Путём поездки на поезде и нескольких автобусных рейсов разных продолжительностей я оказался в больнице, у койки моей дорогой сестры. Сказать, что выглядела она ужасно, значит не сказать ничего: блестящая загорелая кожа потеряла здоровый цвет и стала бледнее мела; шикарные волосы, за которыми она тщательно ухаживала, исчезли, ничего не оставив на голове. Я до сих пор не понимаю, почему она мне не сообщила? Мы всё детство жили душа в душу, были лучшими друзьями друг для друга. Но она смолчала про онкологию. Почему? Решила, что справится самостоятельно? Не хотела, чтобы я волновался и переживал за неё?
Я пробыл рядом с ней около месяца, помогал, чем только мог, на что был способен. Но борьбу с этой страшной болезнью мы не выиграли – сестра умерла в мучениях. Меня от горя разрывало на части! Если бы она сообщила о болезни раньше, всё могло быть по-другому! Пусть потратили бы ещё несколько месяцев или даже лет, главное – она была бы жива! Но она не сообщила!
Но сейчас не об этом. Пусть по моим щёкам опять текут слёзы, повествование будет идти не о сестре.
Она хотела, чтобы её похоронили на Могойском кладбище рядом с мамой, папой, бабушкой и дедушкой (я тоже этого хочу, когда придёт мой час). Я собирался выполнить её волю. Сел в то роковое такси и отправился в похоронное бюро. Но до пункта назначения не добрался и где-то ещё до половины пути выпал из жизни на шесть лет. Из того момента помню лишь шум трения колёс об асфальт, одно, но очень грубое матерное выражение водителя и оглушающий скрежет металла. После этого – темнота, забвение. Позже после пробуждения я спрашивал у полицейского, что прибыл на место автокатастрофы, что тогда произошло. Тот ответил, что с такси столкнулся другой автомобиль, забитый пьяными студентами. Оба водителя погибли. За ними отправились парень и девушка, что сидели на переднем пассажирском сиденье. Остальные получили множественные травмы. А меня нашли в нескольких метрах от столкновения. В тот момент мне вспомнилось, что я сидел рядом с водителем (это был весьма учтивый мужчина, подающий вид человека с большим опытом в вождении), и тот говорил, чтобы я пристегнулся. Но я не сделал этого, потому и вылетел через лобовое стекло. Как только умудрился выжить и не размозжить голову об асфальт? Ума не приложу.

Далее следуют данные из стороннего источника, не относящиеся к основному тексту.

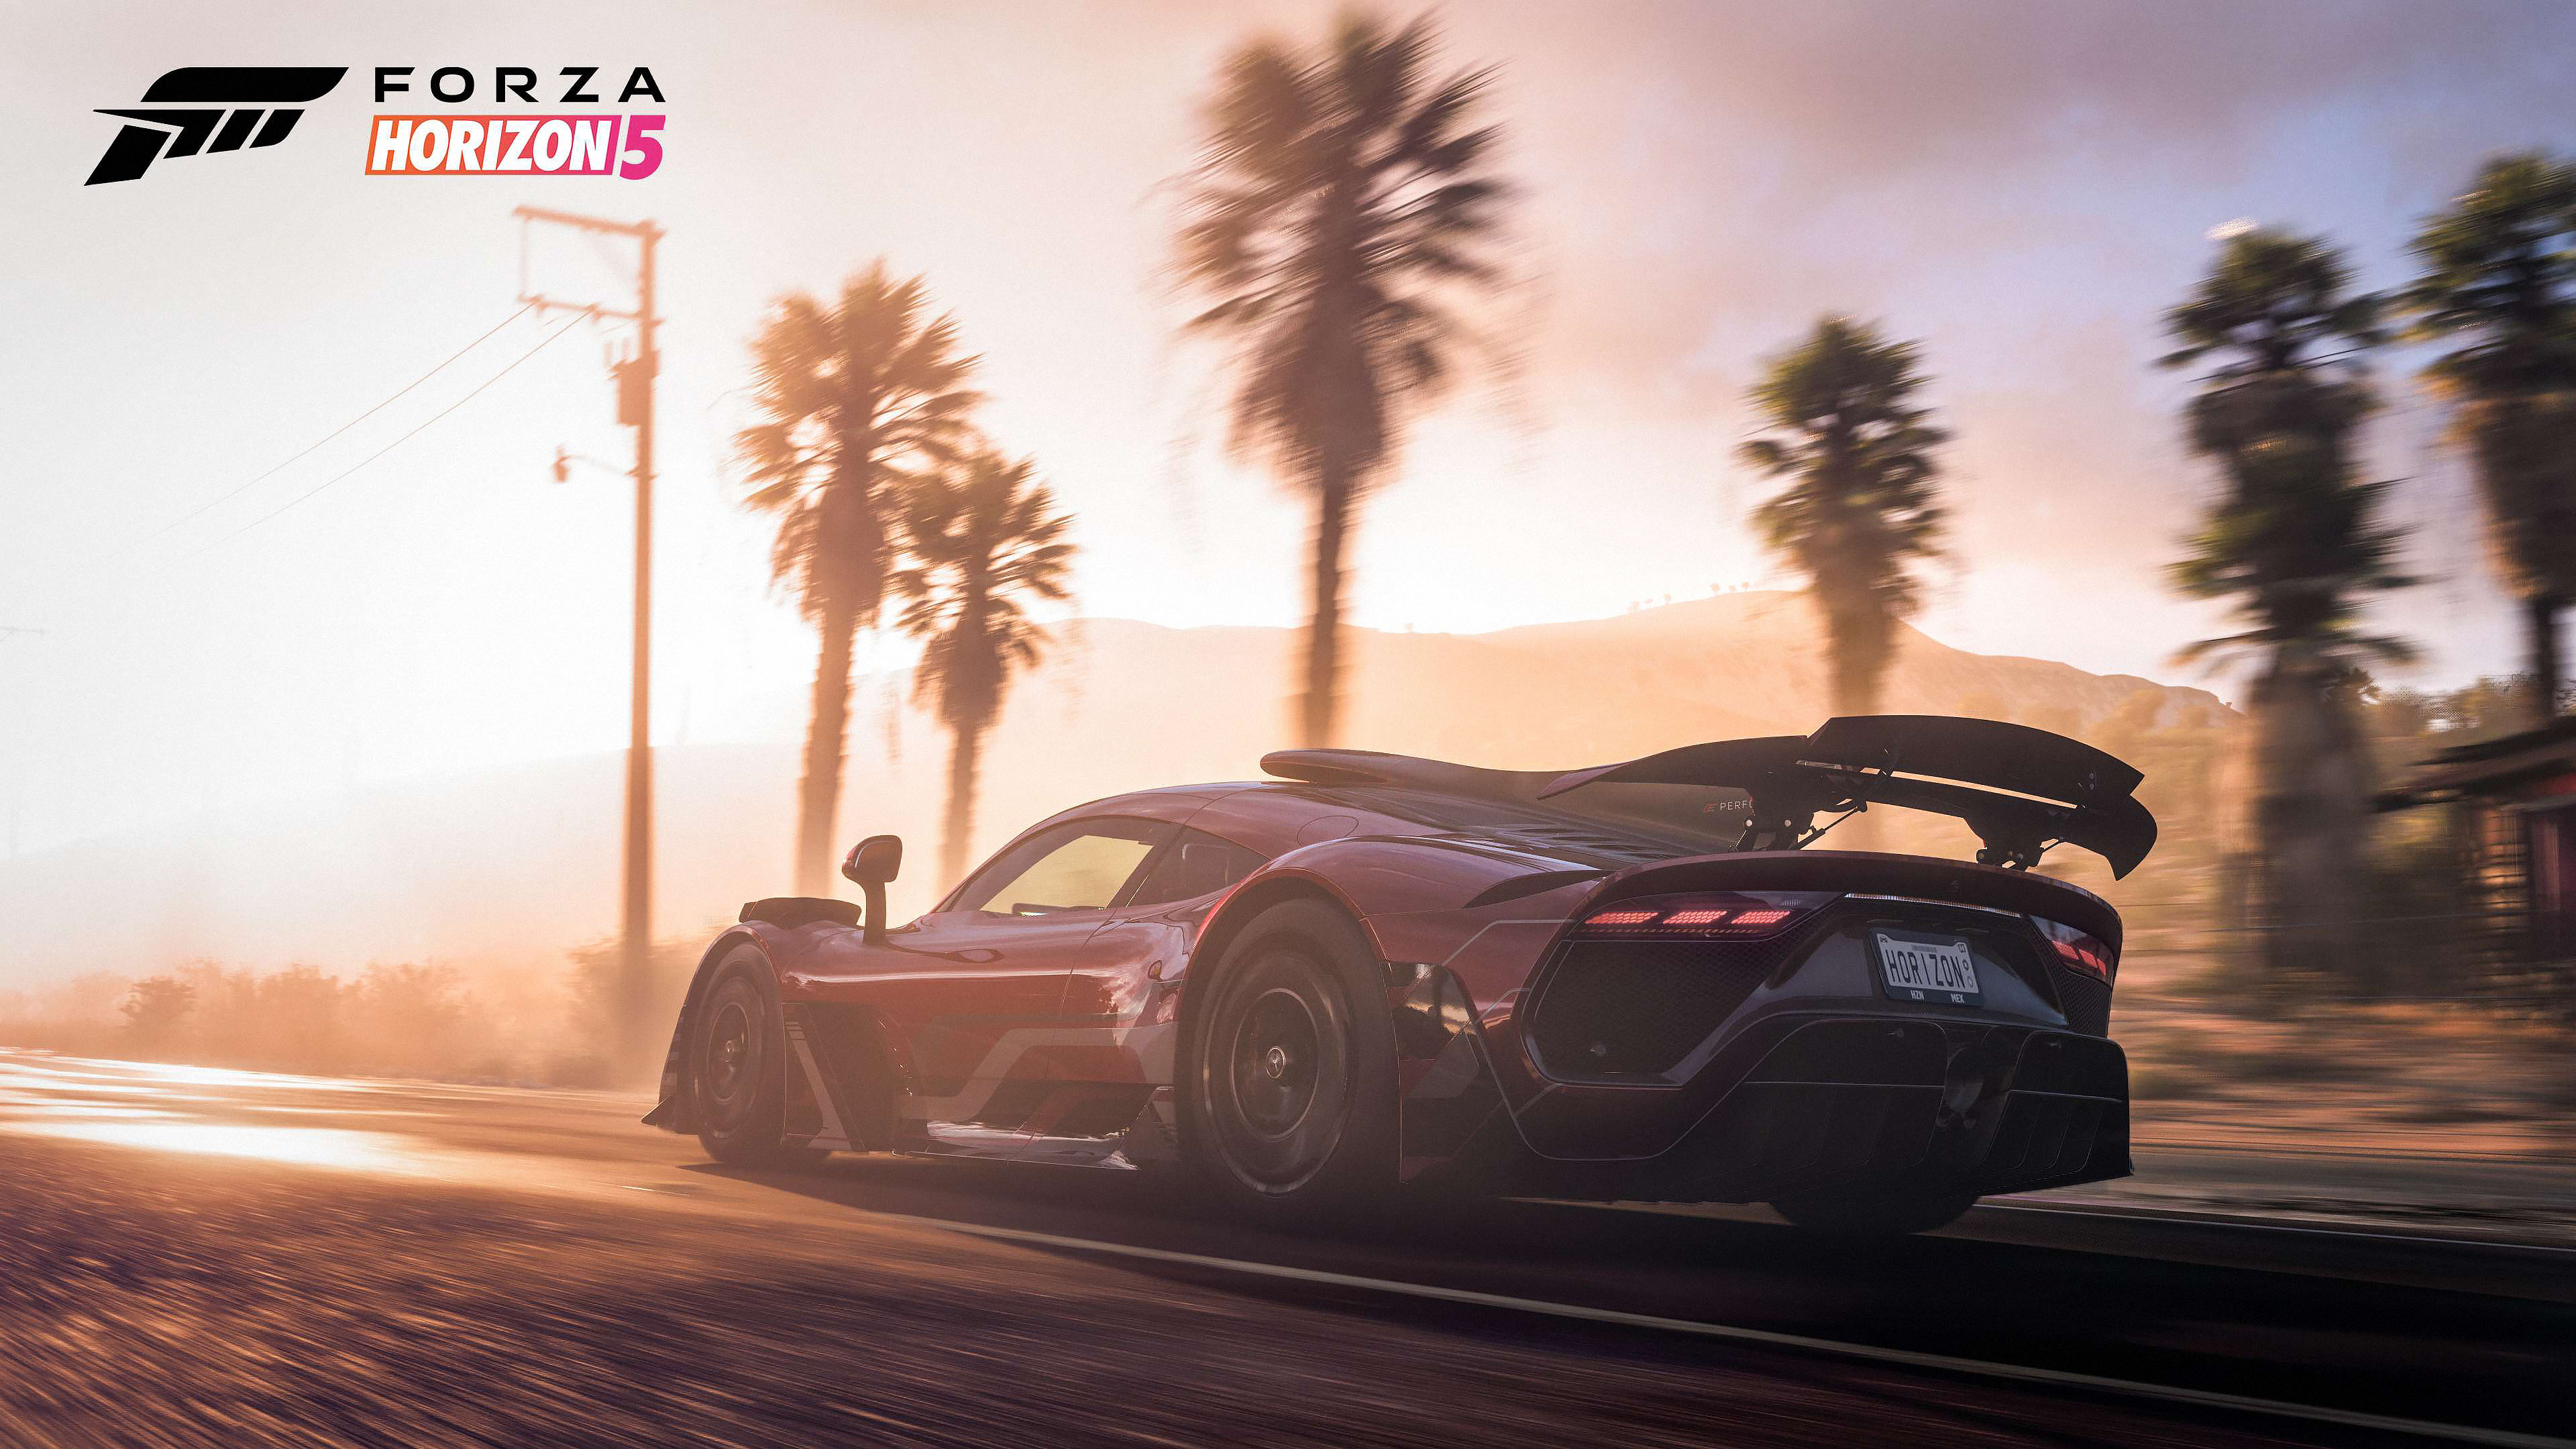 Forza Horizon 5 Mercedes AMG Project ONE Sunset Mexico Video Games Car Racing Vehicle 3840x2160
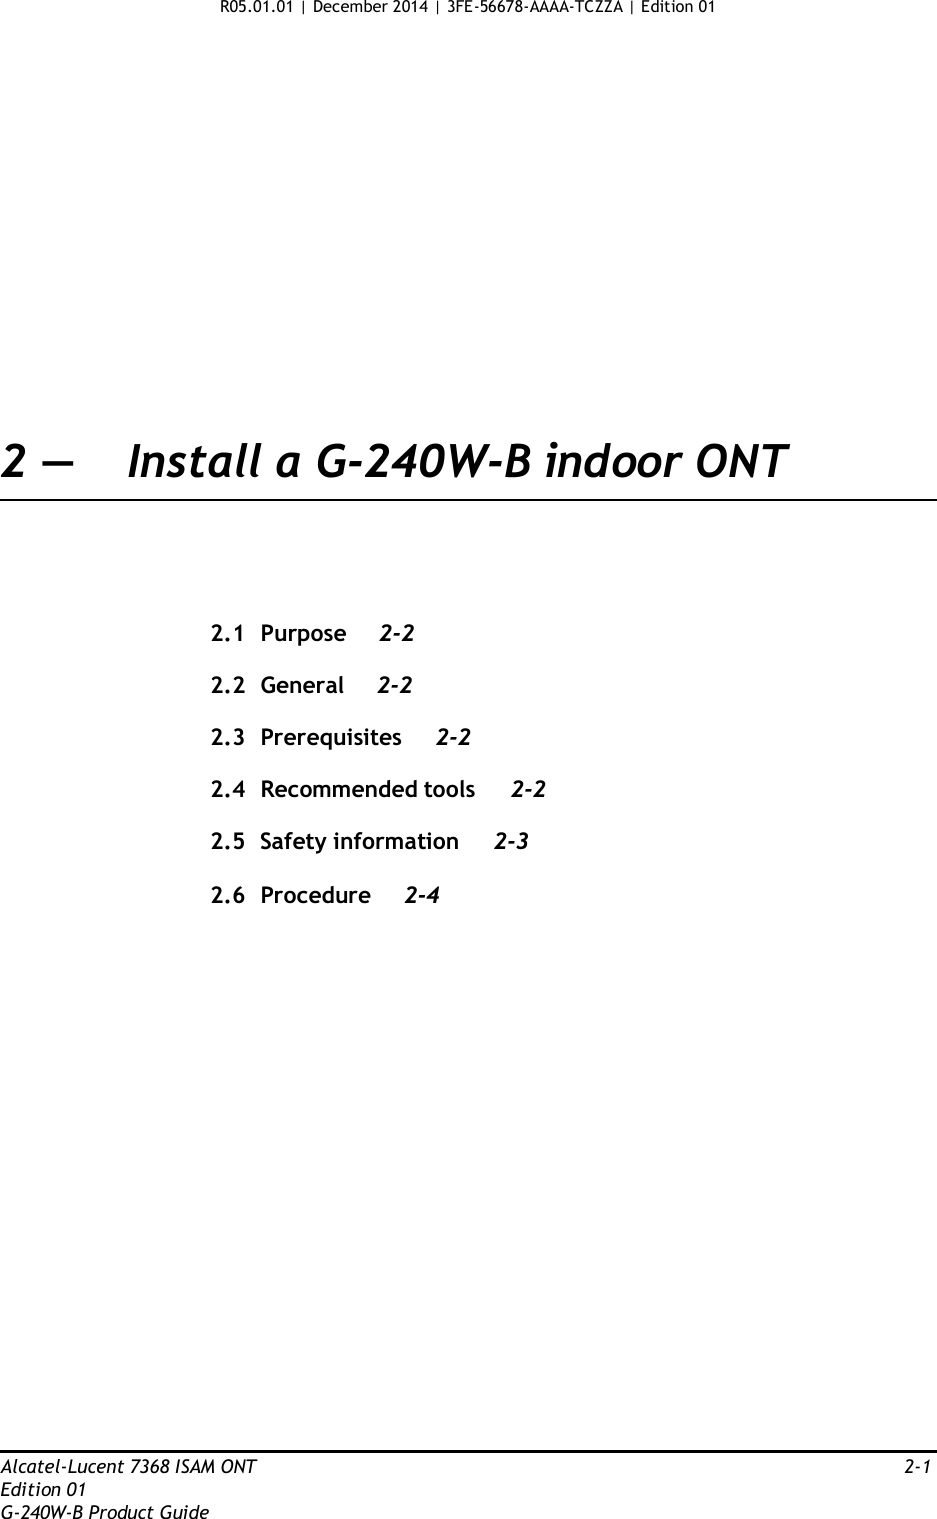 R05.01.01 | December 2014 | 3FE-56678-AAAA-TCZZA | Edition 01                      2 —  Install a G-240W-B indoor ONT       2.1  Purpose  2-2  2.2  General 2-2  2.3  Prerequisites 2-2  2.4  Recommended tools  2-2  2.5  Safety information  2-3  2.6  Procedure  2-4                           Alcatel-Lucent 7368 ISAM ONT  2-1 Edition 01 G-240W-B Product Guide

Но не всё так гладко – я был на грани между жизнью и смертью, то есть погрузился в кому. Я сумел из неё выкарабкаться, хоть и ушло на это шесть лет. Процесс реабилитации был трудным и болезненным, меня заново учили быть человеком. Но я смог её пройти. Выявились проблемы – как после инсульта отнялась правая сторона тела. Не окончательно, конечно, но функционирует плохо. Суставы медленно сгибаются и разгибаются, сопровождаясь тихой, но противной болью. Хромаю на правую ногу, отчего у меня под рукой теперь постоянно находится трость. А рукой я мало что могу делать; держать пишущую ручку и ложку ещё умудряюсь, а в остальном крах: пальцы совсем не хотят слушаться. Глаз хуже видит, чем левый; на ухо практически оглох. В общем, пришлось привыкать к новым условиям жизни.
Когда врачи посчитали, что я достаточно излечился (я и сам это чувствовал), то выпустили на свободу.
И вот неделю назад я вернулся в Могой, только он совершенно не рад был меня видеть.
Без четверти шесть местного времени я подкатил к своему дому, который давно покинул. Здесь осталась Оксана, одна – детей мы не имели. Не потому что у одного из нас были проблемы со здоровьем, нет – Оксана наотрез отказывалась рожать; причину такого решения не разглашала. Пришлось ехать на такси, хоть мне и пришлось испытывать нервотрёпку во время всей поездки – думаю, вы понимаете, почему; это, кстати, вторая причина, почему я не мог усидеть на месте. Расплатился с водителем, и тот поехал обратно. Подошёл к дому, который, по внешнему осмотру казался каким-то заброшенным. Не уехала ли Оксана? Я задумался о ней. Как она? До сих пор ждёт? Или нашла кого-то другого? – что было логичным, так как до меня давненько, ещё до ДТП, доходили слухи, что она женщина распутная и бегала по мужикам у меня за спиной. Мне не терпелось увидеть её реакцию на моё возвращение, поэтому прошёл во двор.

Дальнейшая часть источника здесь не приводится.